According to Vladimir Afonsky, Deputy Chairman of the State Duma Property committee, should the bill be passed into law, it will protect Russia’s property interests to a greater extent. He noted that the bill specifies the meaning of the term ‘foreign state’s property’, thereby ensuring full liability of foreign states.
The Head of the State Duma Property committee, Sergey Gavrilov, stated that the new bill would eliminate the lack of balance when protecting property interests of Russian enterprises and state-owned companies abroad, and the interests of foreign states in Russia.
The bill was developed as a result of the Yukos award by the PCA in Hague, which obliged Russia to pay USD 50 bln of damages. Russia refused to enforce the award voluntarily, however Russian state assets were arrested in Belgium and France based on the ruling by the Hague court.
19.10.2015 — Employers Encouraged to Pay for Employees’ Tours Inside Russia
The Russian Government has approved a bill offering employers to pay for trips of their employees and their families within Russia during vacation leave, in order to receive tax benefits. Should the bill be passed into law, employers will have an opportunity to encourage their employees to travel during the off-season, thereby distributing employees’ leave throughout the year. Moreover, the bill is aimed at supporting travel agencies during the off-season.
Although the Russian Government approved the idea of the bill as a whole, it recommended a few amendments. Thus, it suggested that costs incurred through payment for trips within Russia, together with costs incurred from voluntary private and medical insurance, should be limited, so as not to exceed 6% of the total payroll expenses.

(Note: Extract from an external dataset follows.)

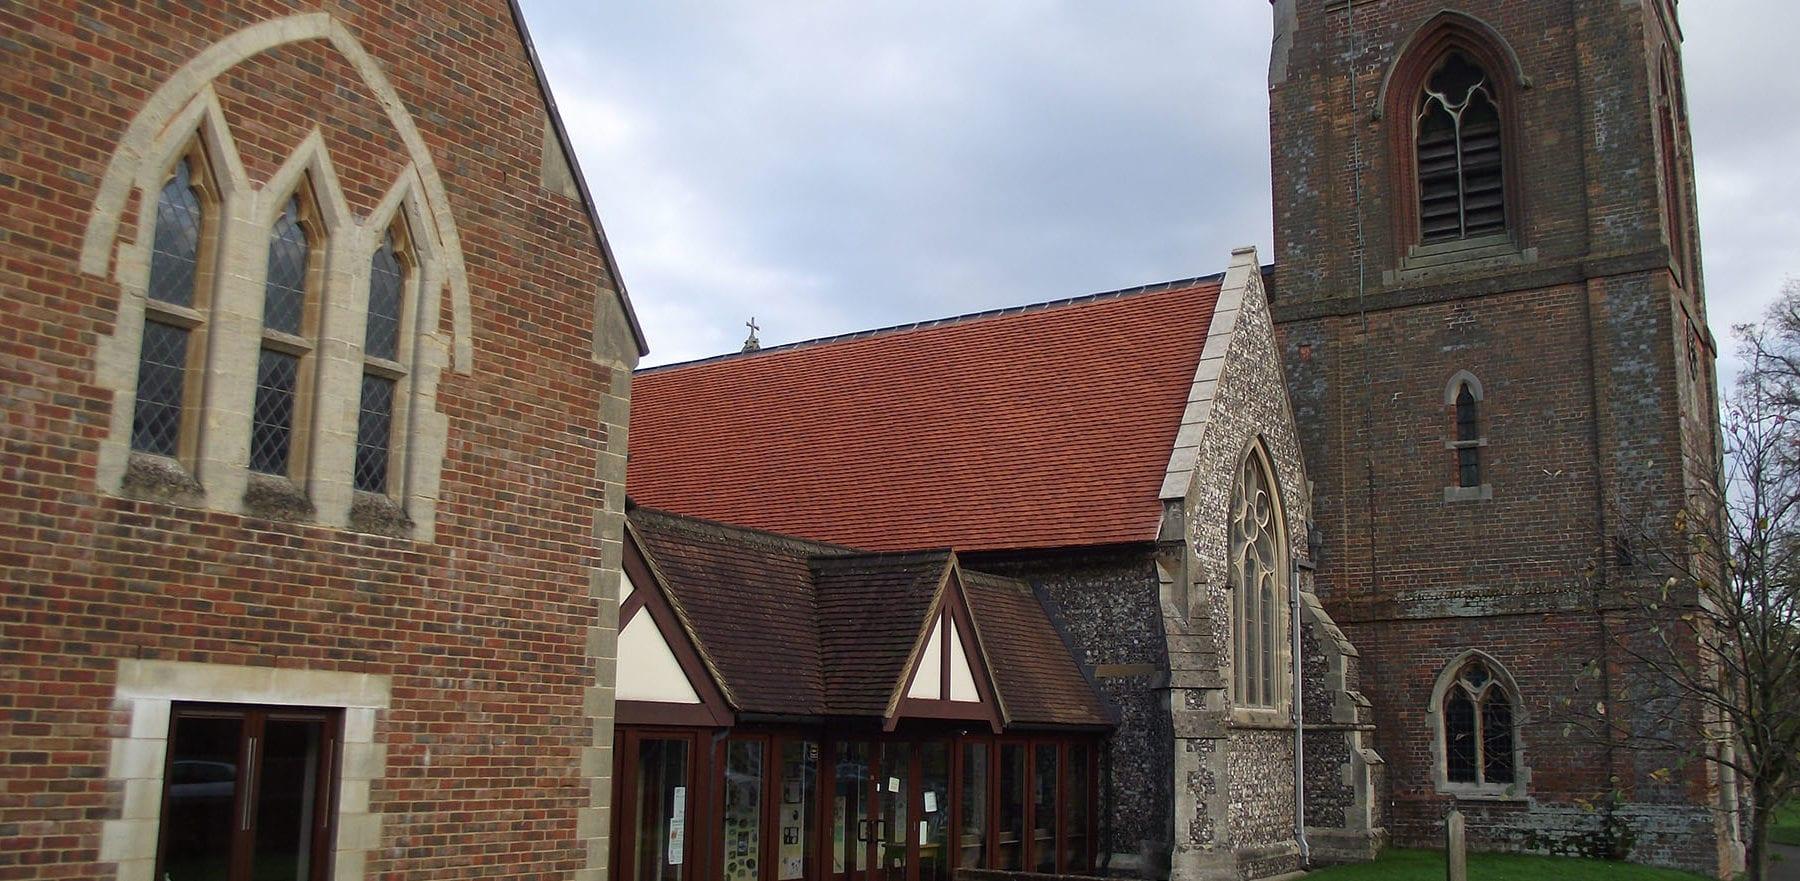 Lifestiles - Handmade Orange Clay Roof Tiles - Berkshire, England 3
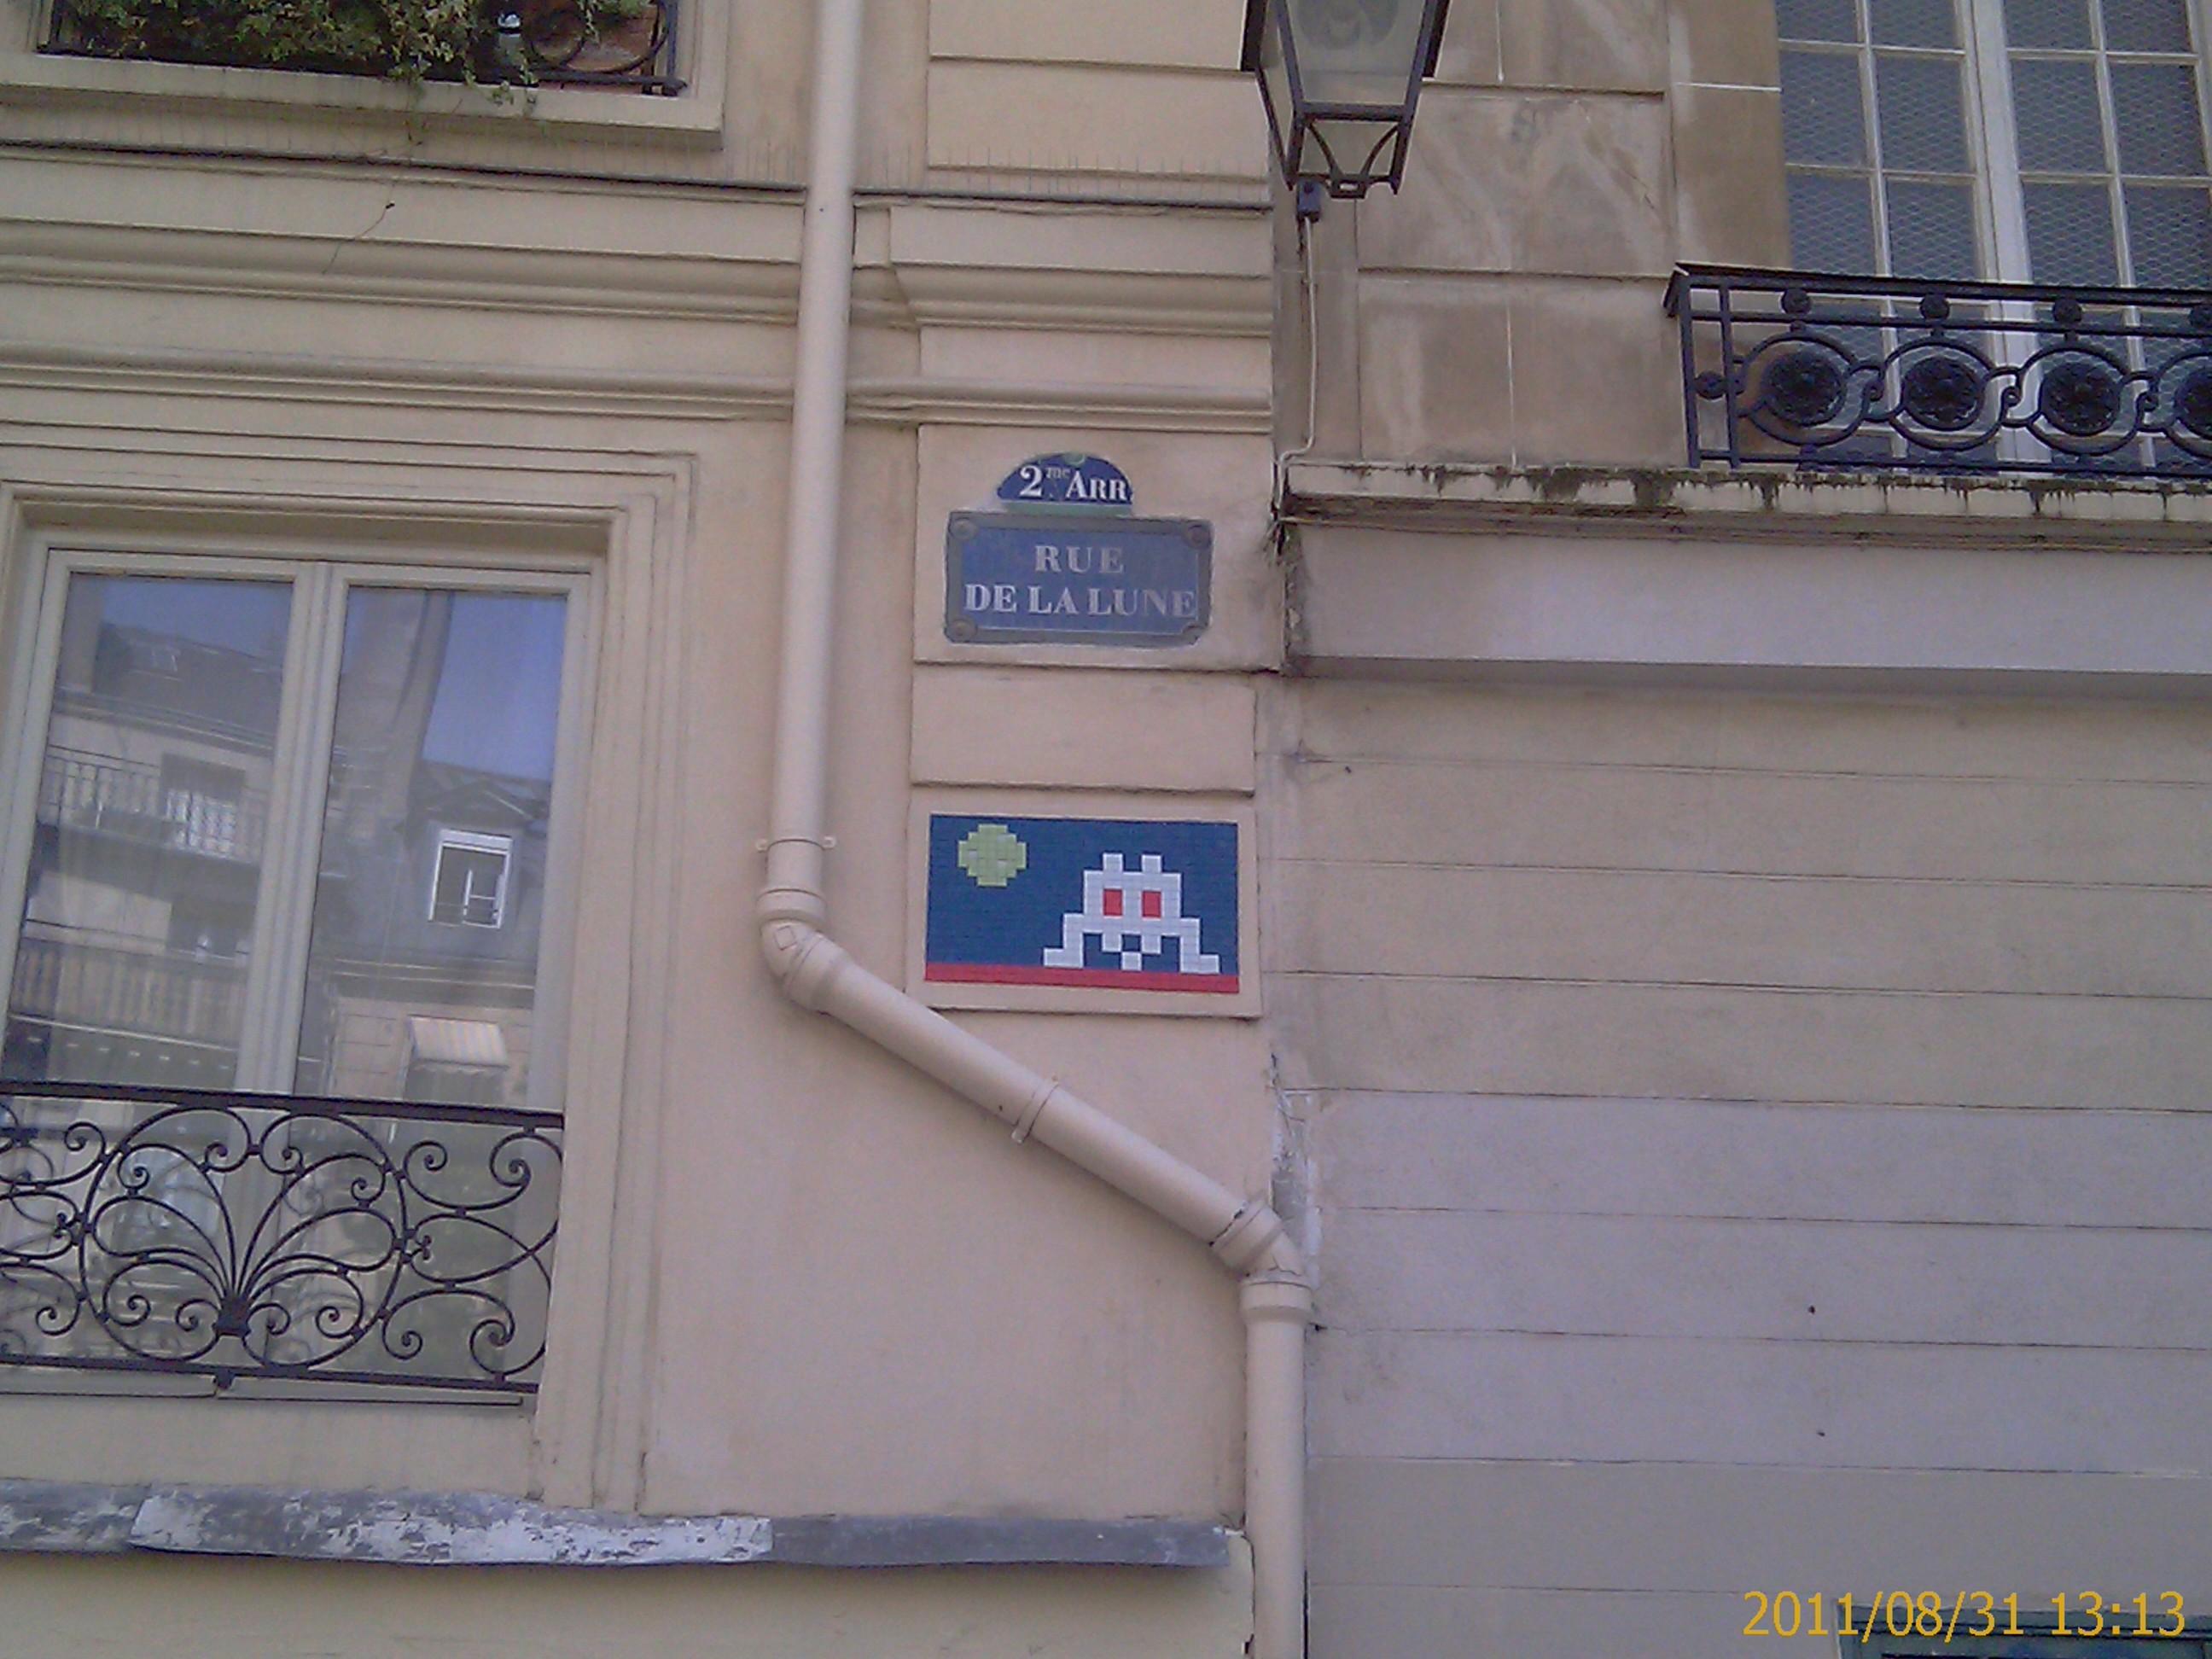 Rue de la Lune

The new bill was introduced in August 2015, by two members of the Federation Council, Igor Chernyshov and Valery Ryazansky. Under the bill, employers that made a contract with a travel agency, under which tourism services within Russia are rendered to employees, shall be entitle to reduce the payable corporate income tax accordingly. The authors of the bill proposed to limit the relevant expenses at RUB 50.000 for each employee or his/her family member for the relevant tax period.
According to the authors of the bill, should the bill be passed into law, employers will have an opportunity to encourage their employees to travel during the off-season, thereby distributing employees’ leave throughout the year. Moreover, the bill is aimed at supporting travel agencies during the off-season.